ZD: What do they do once they start?
MM: Keep the momentum up. There will be frustrations along the way, and it’s absolutely painful. This will kill every interest in them, believe me. So they got to keep going; keep shooting. And, once they’re there? It’s important to share their work and their knowledge. Don’t keep it to yourself. Teach and share it.
ZD: Where should they get their first camera and first roll of film?
MM: It would depend on where they are and where it's available.
ZD: What are things they should keep in mind while shooting film?
MM: I don’t keep tabs of my errors or successful shots. But I do remember one thing, though. Before I settled with a Leica and ILFORD as my main tools, there were lots of cameras and film brands I shot with. Personally, I thought KODAK Tri-X has a richer and deeper contrast but when I shot with ILFORD for the first time, my photography changed.
ZD: What’s your favourite camera and favorite film roll brand?

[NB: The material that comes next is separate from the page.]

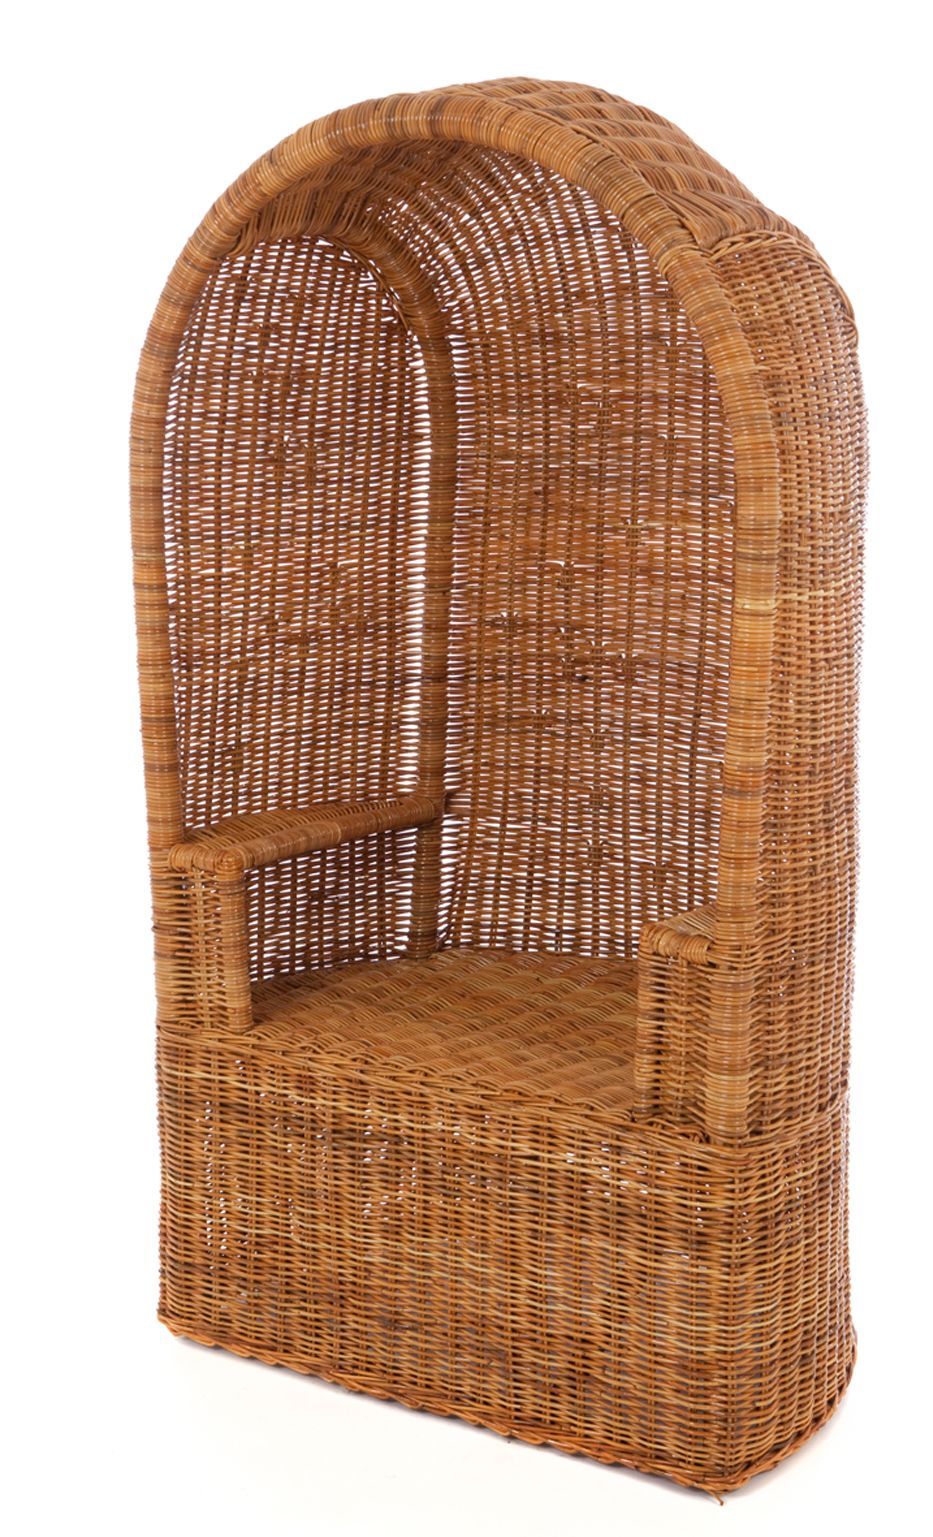 Wicker, Furniture, Chair, Basket,

MM: I highly applaud Leica cameras and ILFORD films. These two has considerably been a part of my life as a film photographer. The performance of these two, for me, is exceptional. I use a Leica M6 with 28mm lens for street and documentary shoot projects, and a Helios 44-2 58mm lens for portraits and some fine art photographs. I shoot with ILFORD HP5+ and FP4, but mostly the former.
ZD: Where do you have your rolls developed?
MM:I process my film rolls myself. I’m not comfortable having it processed elsewhere.
ZD: What were your struggles in shooting film?
MM: There were struggles, of course, when I was starting. Like setting the right exposure; using the right film for a particular project; mixing the correct ratio of chemicals when it's time to develop and print. But you’ll learn along the way. I reckon it's part of the journey. As long as you enjoy and keep your interest in what you’re doing, you won’t stew over it that much. Believe me. Today the struggles turned the other way. The film and darkroom supplies drastically dropped when digital cameras, both compact and professional, came out. But I’m really grateful it’s picking up again, and I do wish this will continue on.
About Zach Dedel:
Zach Dedel is a Grade 12 Senior High student at the Meridian International College in the Philippines.